Kipling foi acusado, de chauvinista e imperialista, mas foi, acima de tudo, um estilista, um apaixonado pela técnica, um escritor para quem o ato de escrever era um prazer físico. Sugeriu certa vez que “os melhores contos são os não vêm a público – por motivos óbvios.”

Qualquer texto (inferimos, sem a necessidade de nos lamentar) é fragmentário e circular. Mais importante que a constatação dessa invencível (e necessária) incompletude é a sua aceitação.

Assim, navegamos entre os contos, entre os livros, sucessivamente, na vã tentativa de reconstituir a obra, mas ela é múltipla e se encontra em todos as lugares.

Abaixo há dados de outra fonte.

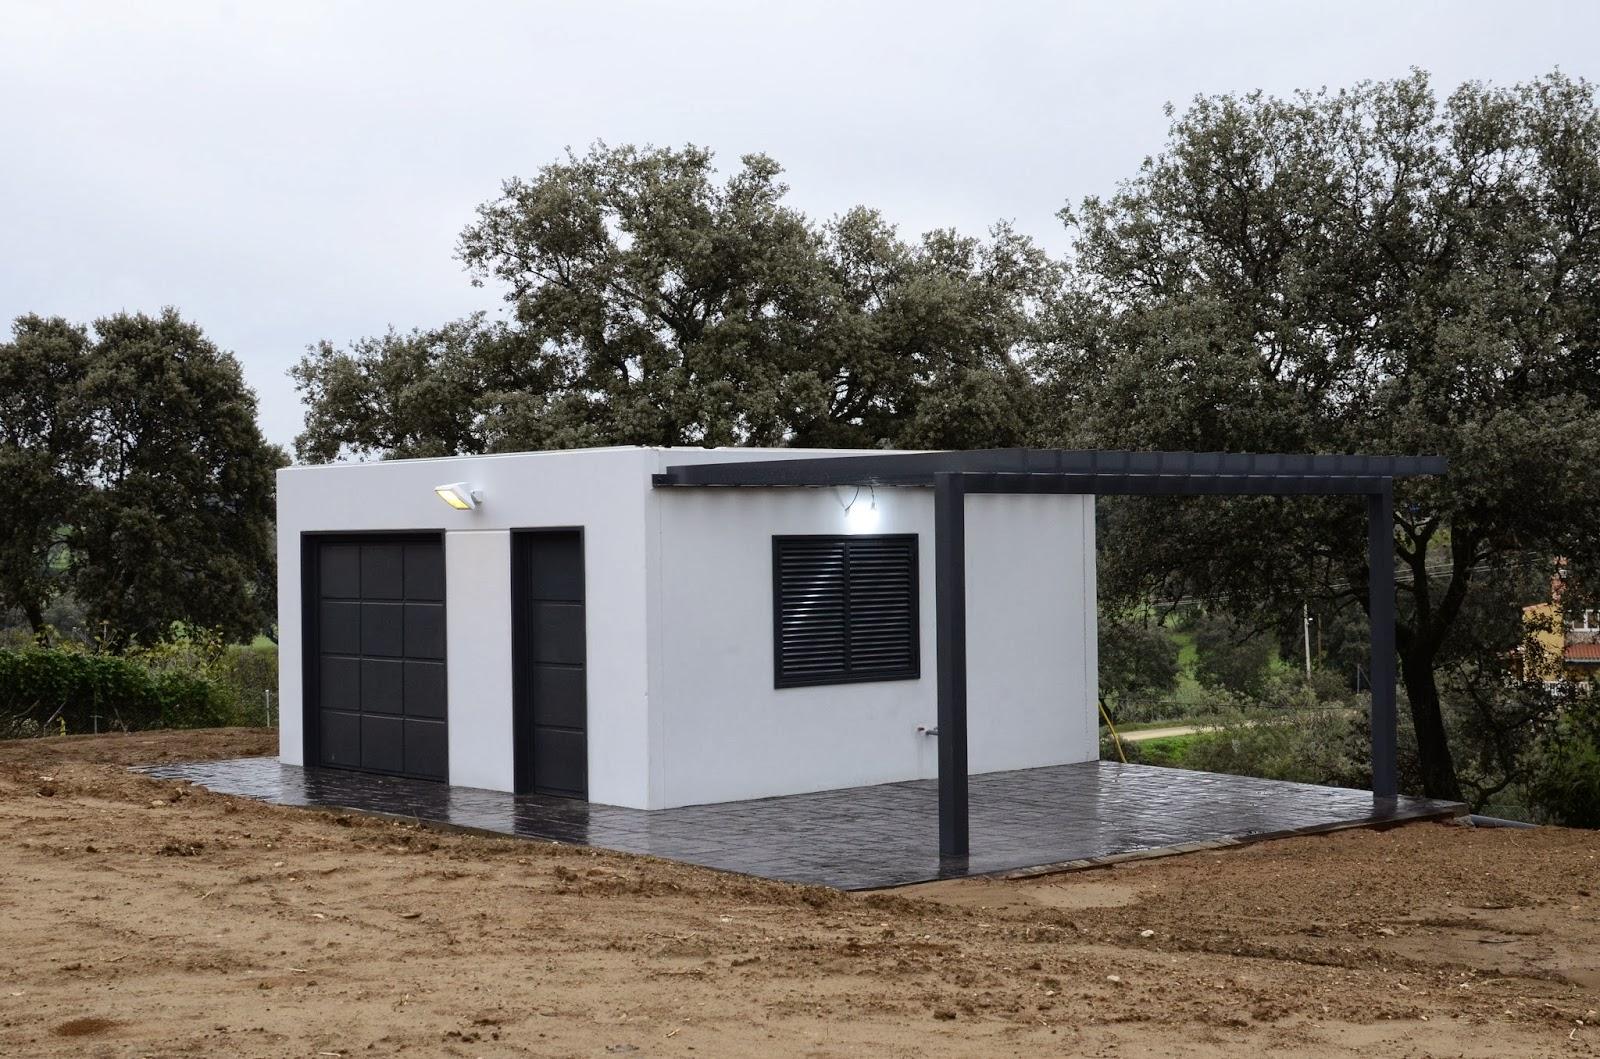 Casas prefabricadas madera casas prefabricadas en salamanca - Casas prefabricadas de hormigon baratas ...

Ainda assim, é uma verdade irrefutável: um livro existe é para ser navegado.

O incrédulo, para quem o copo está meio vazio, reclama: mas como, se não temos bússola? Respondo (entre um gole e outro): guiemo-nos pelas estrelas.

Cada livro, ou ainda cada experiência de leitura de um livro, a interação entre leitor, livro, imaginação e possibilidades, é um mistério em si, um universo a parte.

Leitores, navegadores de si mesmos, lancemo-nos ao mar. As assombrosas (e assombradas) Histórias Sobrenaturais de Rudyard Kipling poderão ser exumadas de uma das surpreendentes prateleiras da Biblioteca Popular Municipal Marques Rebelo, no bairro da Tijuca, Rio de Janeiro.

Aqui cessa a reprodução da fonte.